One issue that I am concerned about is that the reduction in new car sales will at some point have a knock on effect on aftersales as less people have purchased cars and the debt levels are creeping up. Still, this is potentially priced in with a forward PE of 7.4 and yield of 1.8%. This is a tricky one, it could be an interesting value play but obviously not without risks as mentioned above.
On the 6th March the group released a trading update covering the first five months of the year which was ahead of the same period last year, both on a total and like for like basis.
During the period the new car market has been significantly affected by a number of factors including the impact of the changes in the emissions testing regime and the negative impact of the weak sterling position on the imported price of the cars which has led to price increases for many manufacturers. In the period, the total new car market was down just over 10%. The diesel segment of the market was worst hit, down 30%.
Supply side market influences have contributed to a reduction in the group’s new vehicle sales, although this was partly offset by improved gross profit per unit in the like for like businesses and fully offset by the improved gross profit per unit across the total group as a result of the stronger mix from the new Bentley, Lamborghini and McLaren outlets. New vehicle unit sales for the period were down 23% (like for like 20%) although he prior year comparative included a low margin commercial vehicle deal which has not been repeated. The sales of new retail cars to private purchasers was down 16% (like for like 11%).
Used vehicle sales continued to perform well. Total used unit sales were down 11% (like for like 4%) but this unit reduction was offset by an improvement in the gross profit per unit.

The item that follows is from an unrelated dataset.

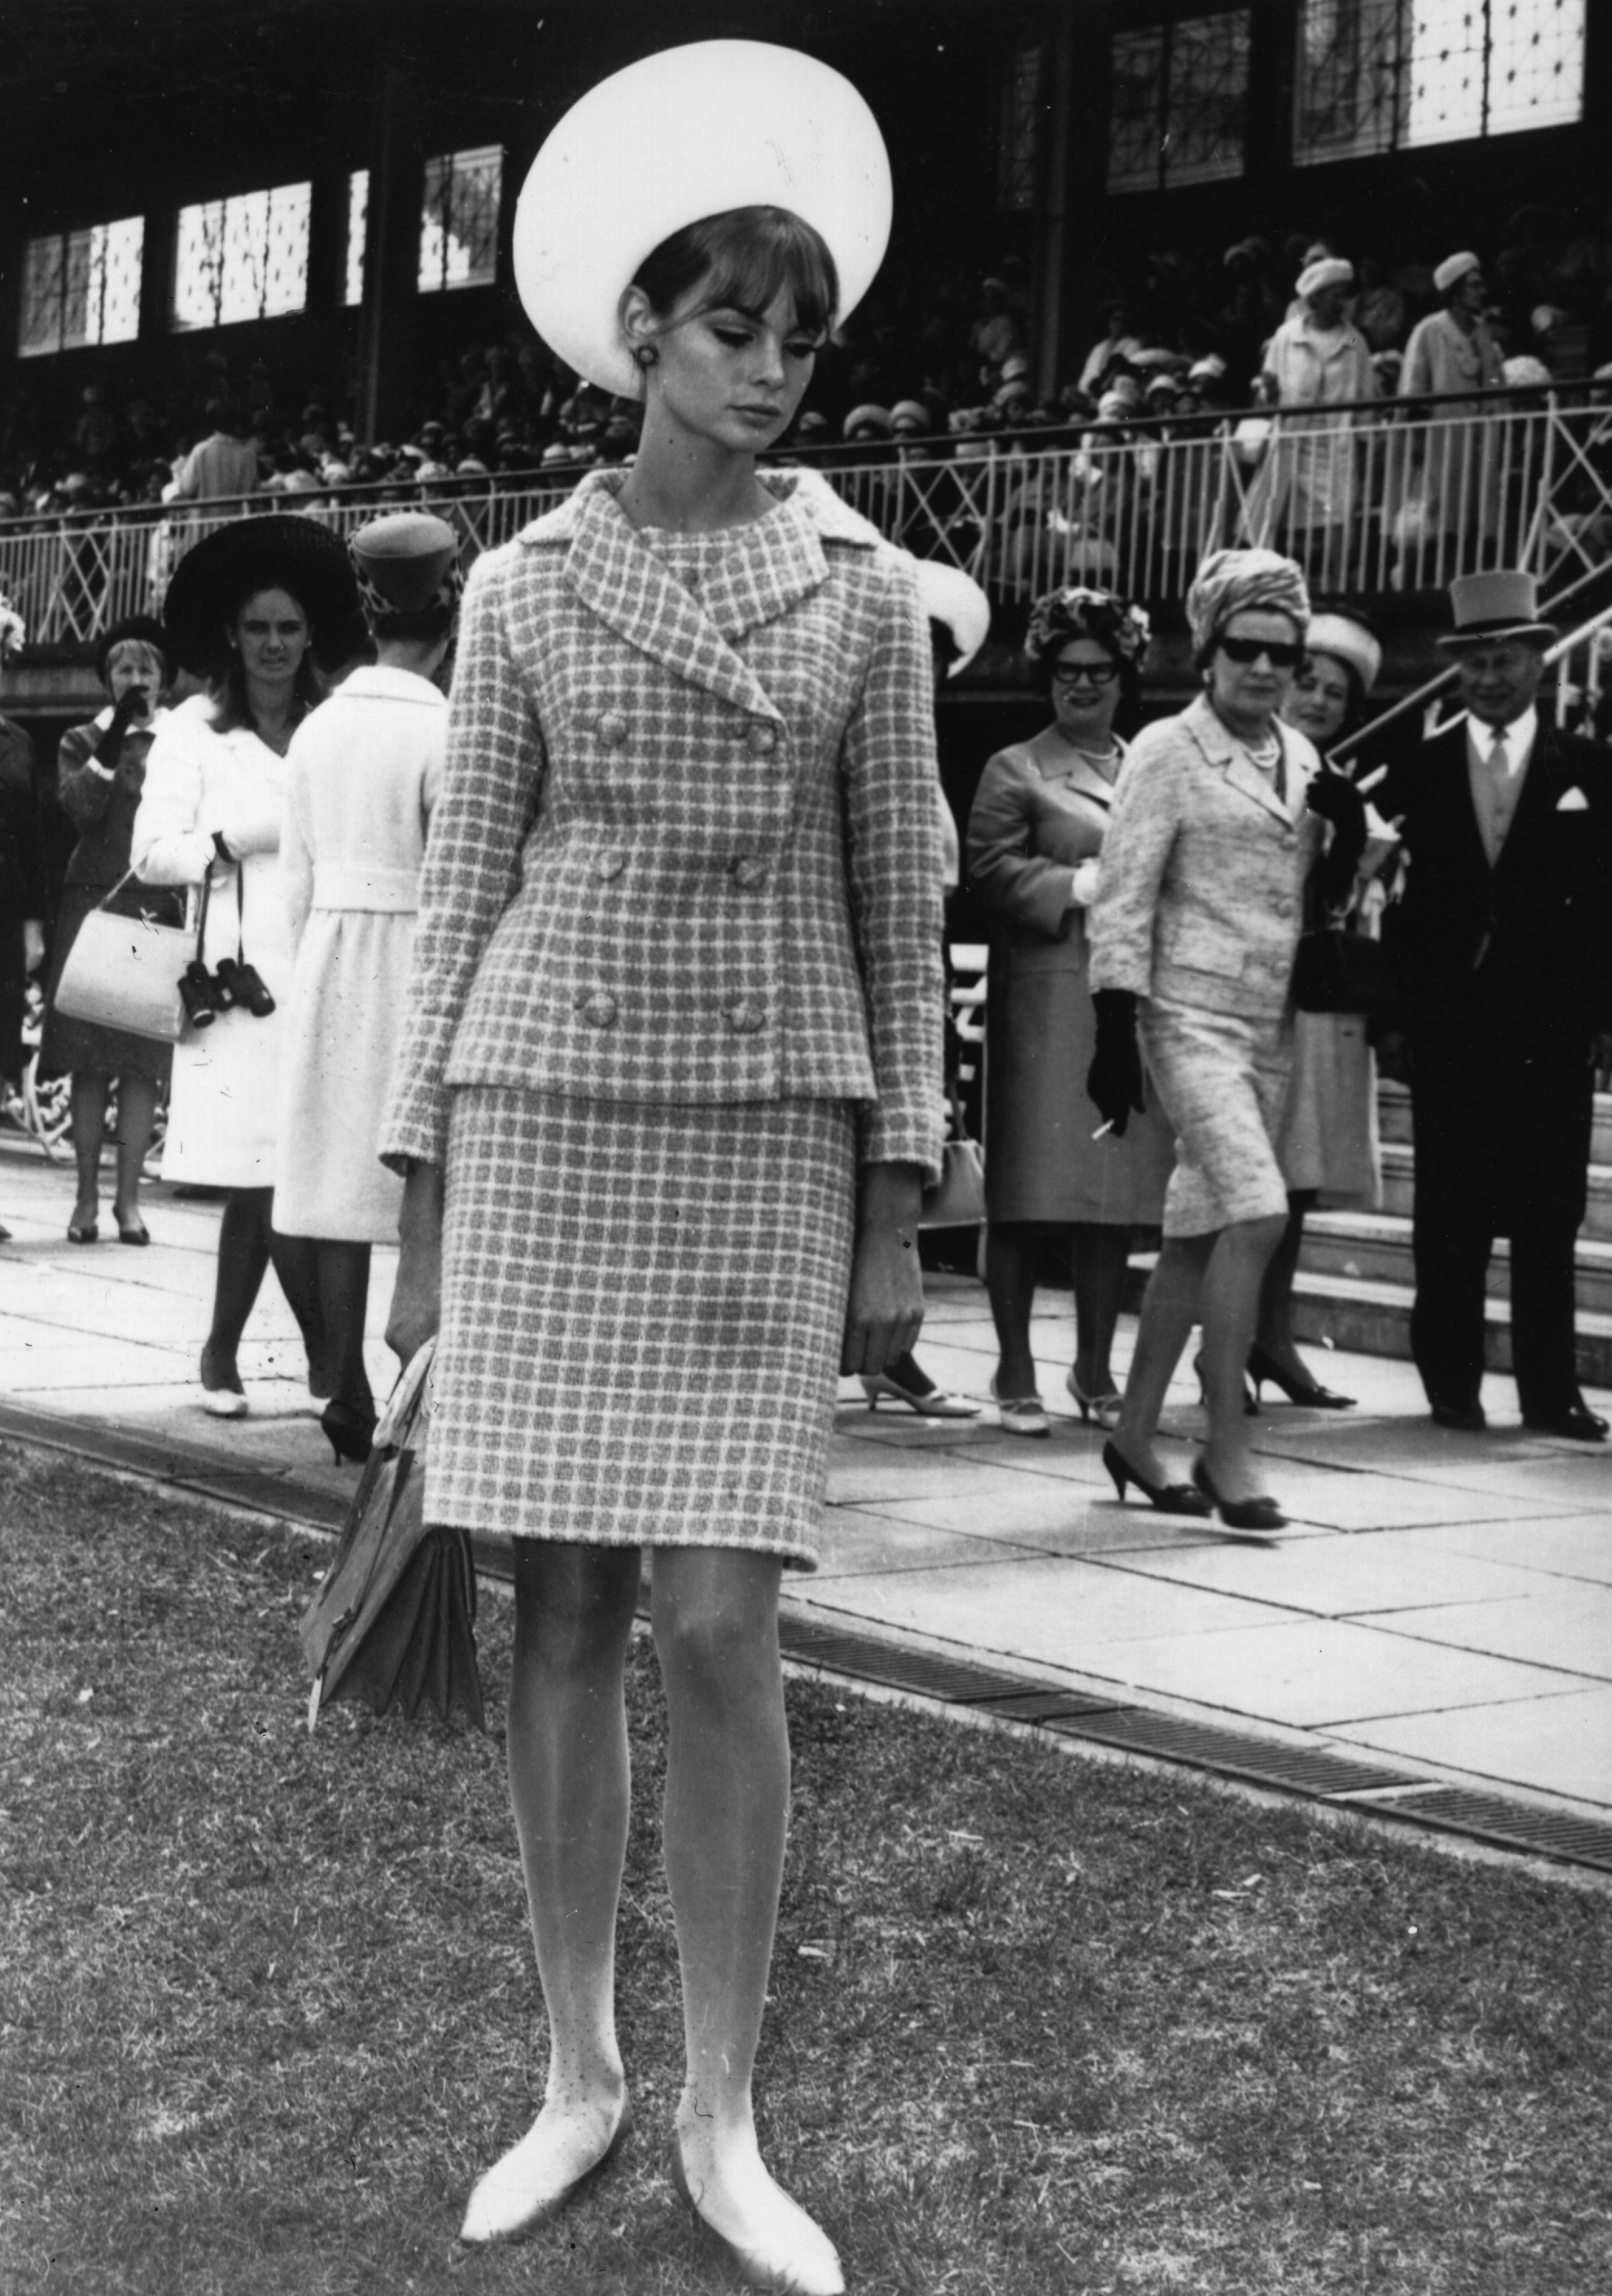 През 60-те в модата започват да се появяват тенденции, които през предните десетилетия са били почти невъзможни. Късите поли започват да навлизат все повече, прочутитет чарлстони са пък истински хит сред мъжете и жените от почти всички възрасти.

The significant changes to the franchise portfolio mix and closure of the Blackburn site in the prior year had a material impact on sales volumes but as a result of the improved profit per unit, both the total and like for like profit from the business improved year on year.
The group’s aftersales operations delivered a good performance with revenue increasing by 7% (like for like 3%), gross profit up 4% (like for like 2%) and aftersales contribution up 10% (like for like 7%).
Going forward, whilst challenges remain given the ongoing uncertainty around Brexit and the terms of the UK’s departure from the EU, the group’s ongoing franchising development activities have enhanced their dealership portfolio mix and the changed made in the prior year have further benefited the group. These new businesses are still in their infancy, but have exciting potential.